An employer may enter into a post-employment non-compete agreement with an employee who has access to particularly relevant data, the disclosure of which could expose the company for losses. The prohibition may apply only to those who have access to the employer’s material and confidential information, which should not get to the knowledge of outsiders, as this could cause damage to the employer.
A non-competition agreement must be in writing under pain of nullity. Its amendment requires the same form. In the wording of the loyalty agreement, the employee agrees not to engage in any activity that competes with the employer or to provide work under an employment or other legal relationship to an entity that competes with the employer for a specified period after the termination of employment. The parties must also specify the amount of compensation to which the subordinate is entitled. A non-competition agreement after termination of employment is not part of the employment contract, so non-competition is not included in the concept of terms of the employment contract.

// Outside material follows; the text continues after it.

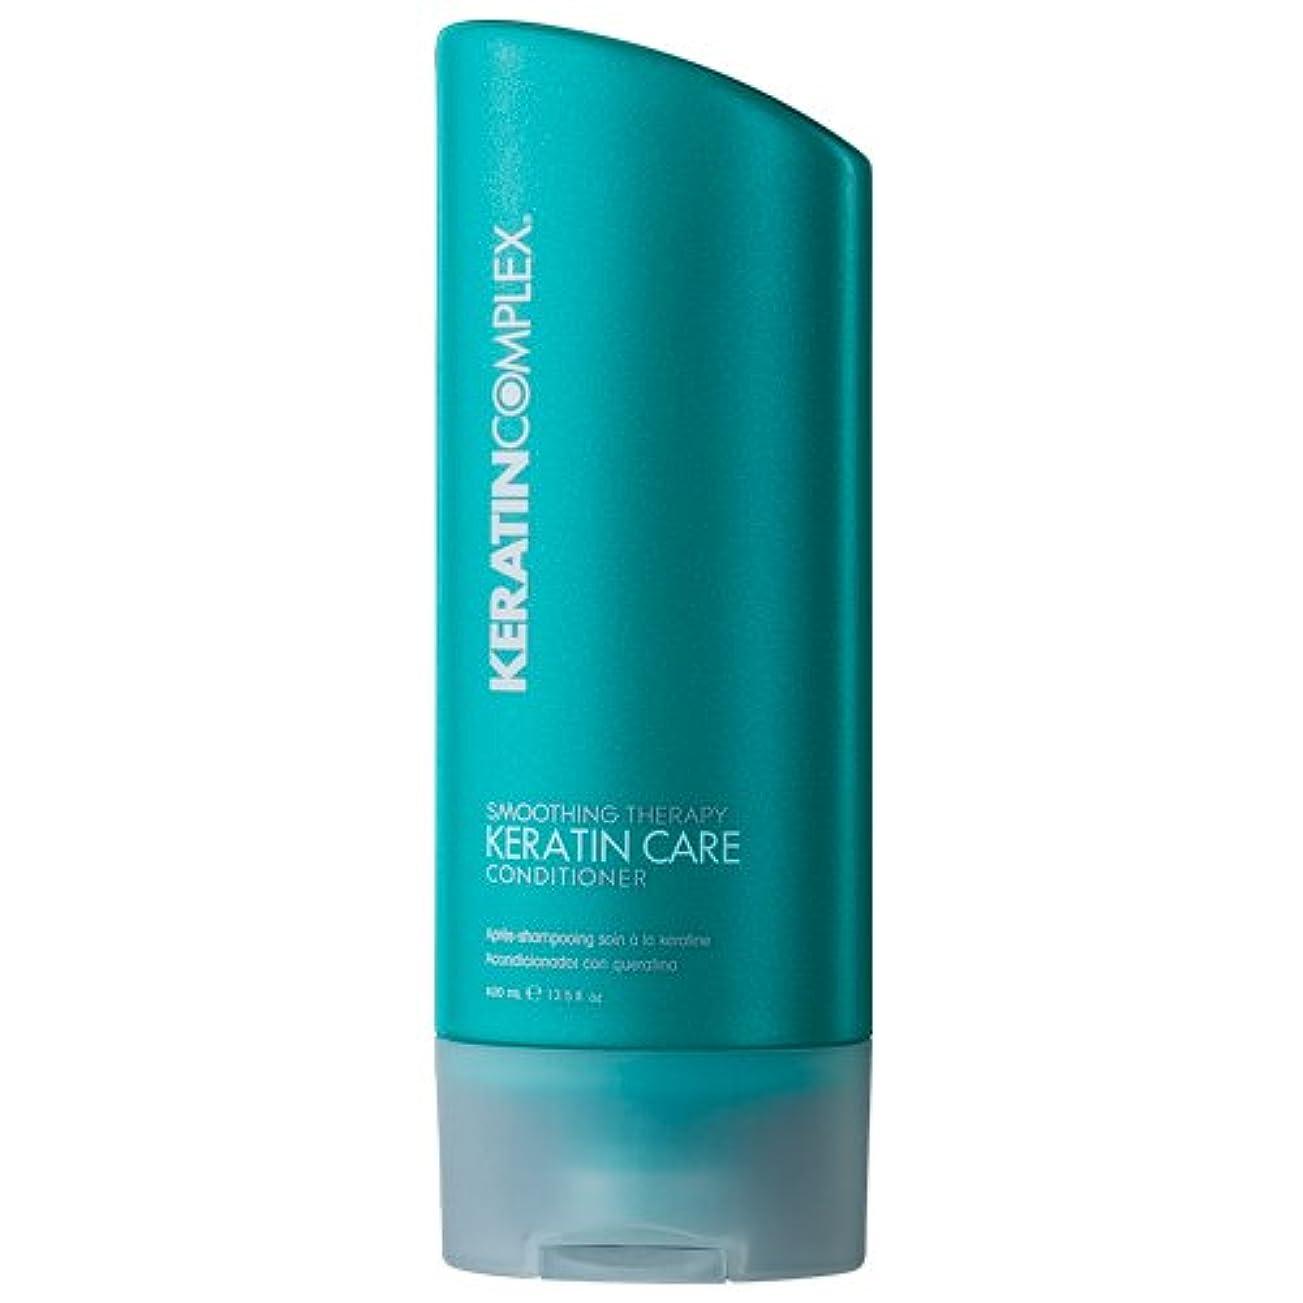 にんじん性的社会科Smoothing Therapy Keratin Care Conditioner (For All Hair Types) - 400ml/13.5oz
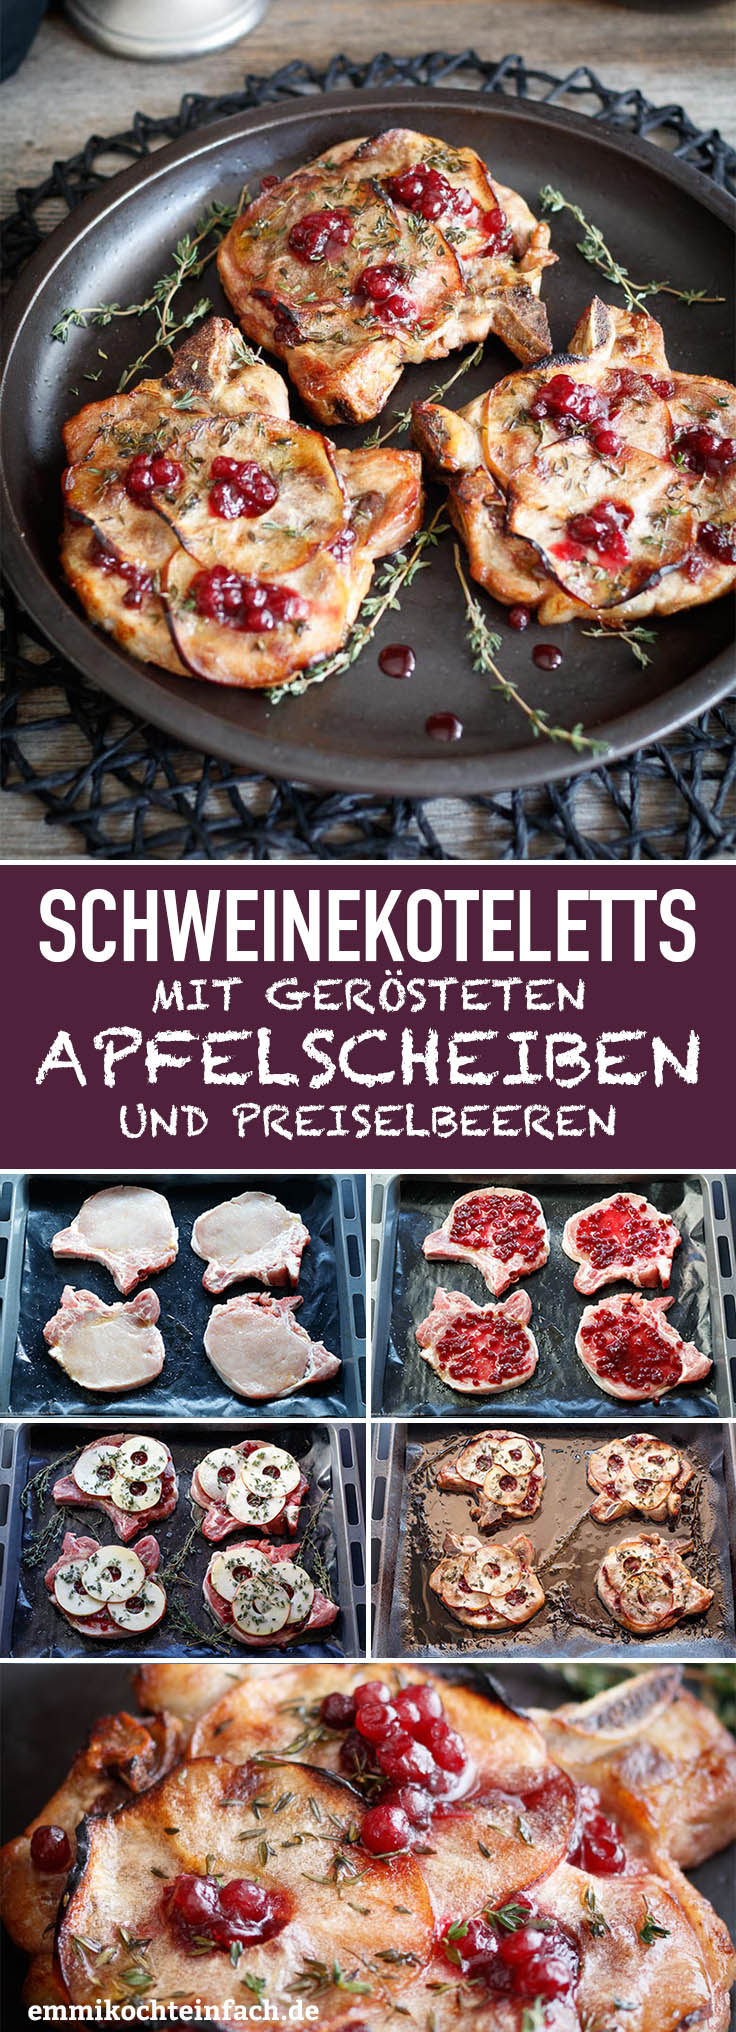 Schnelle Koteletts vom Schwein mit Apfelscheiben - www.emmikochteinfach.de

Amending notice constitutes an unilateral act of the employer aimed at changing the terms and conditions of employment. Since the post-employment non-compete agreement is not an element of the employment contract, but a separate contract, the institution of amending notice cannot be applied to it.
As a general rule, to amend the provisions of a non-competition agreement, the consent of both parties to the agreement expressed in writing is required. Only in exceptional situations is it possible to unilaterally terminate the terms of this agreement. Such an option would have to be provided for in the provisions of the agreement itself.